We can create our model.

model = AutoModelForSequenceClassification.from_pretrained("distilbert/distilbert-base-uncased", num_labels=2, id2label=itos, label2id=stoi)
Some weights of DistilBertForSequenceClassification were not initialized from the model checkpoint at distilbert/distilbert-base-uncased and are newly initialized: ['classifier.bias', 'classifier.weight', 'pre_classifier.bias', 'pre_classifier.weight']
You should probably TRAIN this model on a down-stream task to be able to use it for predictions and inference.

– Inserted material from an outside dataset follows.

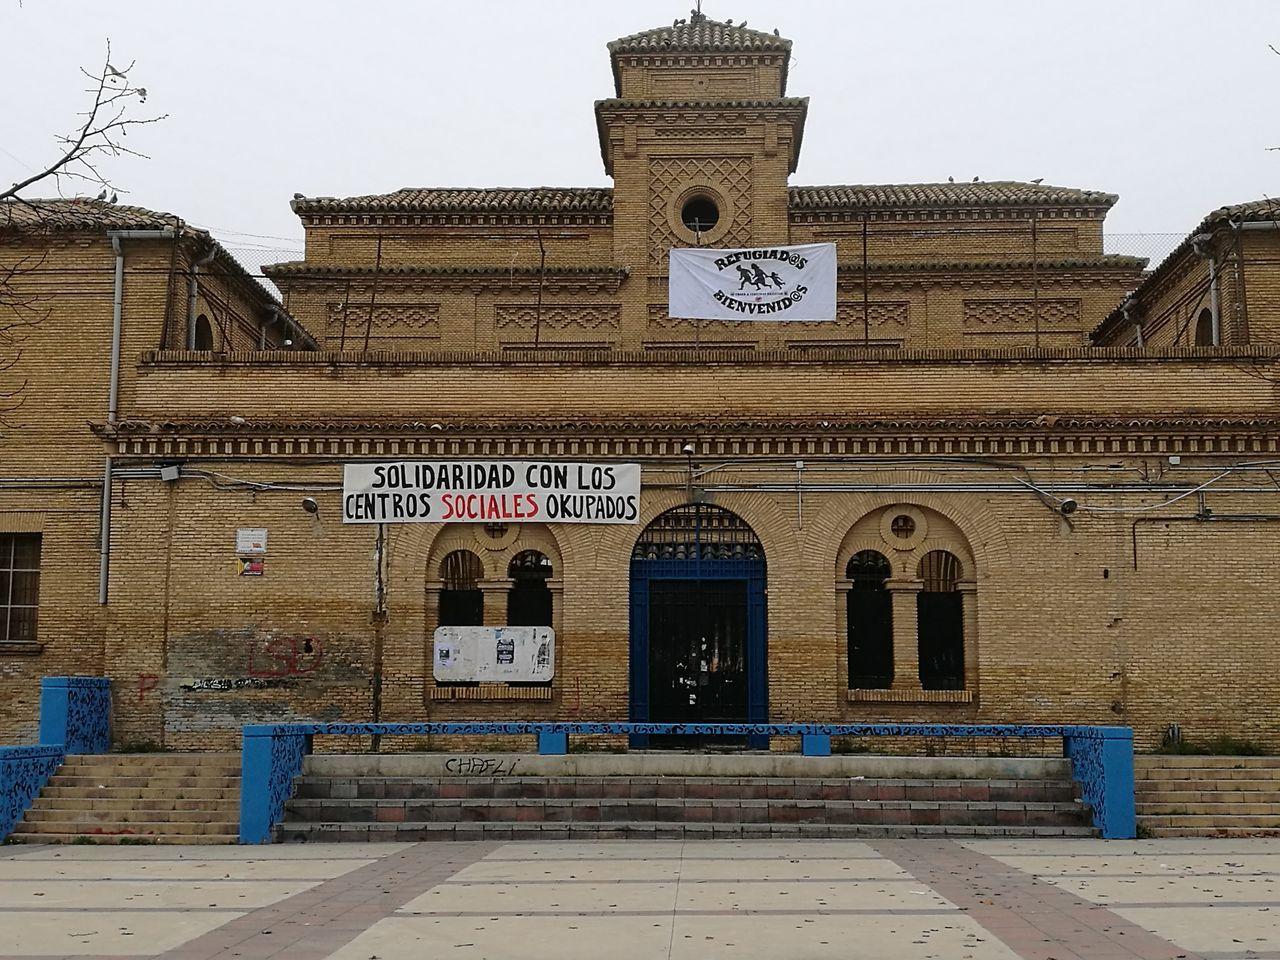 Building Exterior Façade Old Prison city Zaragoza

We can now create our performance calculation function:

accuracy = evaluate.load("accuracy")
f1 = evaluate.load("f1")

def compute_metrics(eval_pred):
    predictions, labels = eval_pred
    predictions = np.argmax(predictions, axis=1)
    accuracy_score = accuracy.compute(predictions=predictions, references=labels)
    f1_score = f1.compute(predictions=predictions, references=labels,average="macro")
    return {
        "f1": f1_score["f1"],
        "accuracy": accuracy_score["accuracy"],
    }

And train the model:

training_args = TrainingArguments(
    output_dir="models",
    num_train_epochs=5,
    weight_decay=0.01,
    eval_strategy="no",
    save_strategy="no",
)

# Pad the inputs to the maximum length in the batch
data_collator = DataCollatorWithPadding(tokenizer=tokenizer)

trainer = Trainer(
    model=model,
    args=training_args,
    train_dataset=tokenized_train_dataset,
    eval_dataset=tokenized_val_dataset,
    tokenizer=tokenizer,
    data_collator=data_collator,
    compute_metrics=compute_metrics,
)
trainer.train()
 80%|████████  | 500/625 [12:05<02:58,  1.43s/it]
{'loss': 0.2295, 'grad_norm': 0.022515051066875458, 'learning_rate': 1e-05, 'epoch': 4.0}
100%|██████████| 625/625 [15:06<00:00,  1.45s/it]
{'train_runtime': 906.0393, 'train_samples_per_second': 5.519, 'train_steps_per_second': 0.69, 'train_loss': 0.1885655658721924, 'epoch': 5.0}

TrainOutput(global_step=625, training_loss=0.1885655658721924, metrics={'train_runtime': 906.0393, 'train_samples_per_second': 5.519, 'train_steps_per_second': 0.69, 'total_flos': 613576571755968.0, 'train_loss': 0.1885655658721924, 'epoch': 5.0})

Let’s evaluate our model:

trainer.evaluate()
100%|██████████| 63/63 [00:33<00:00,  1.86it/s]
{'eval_loss': 0.565979540348053,
 'eval_f1': 0.8879354508196722,
 'eval_accuracy': 0.888,
 'eval_runtime': 34.4579,
 'eval_samples_per_second': 14.51,
 'eval_steps_per_second': 1.828,
 'epoch': 5.0}

We obtain good scores: accuracy of 0.89 and f1-score of 0.89 as well.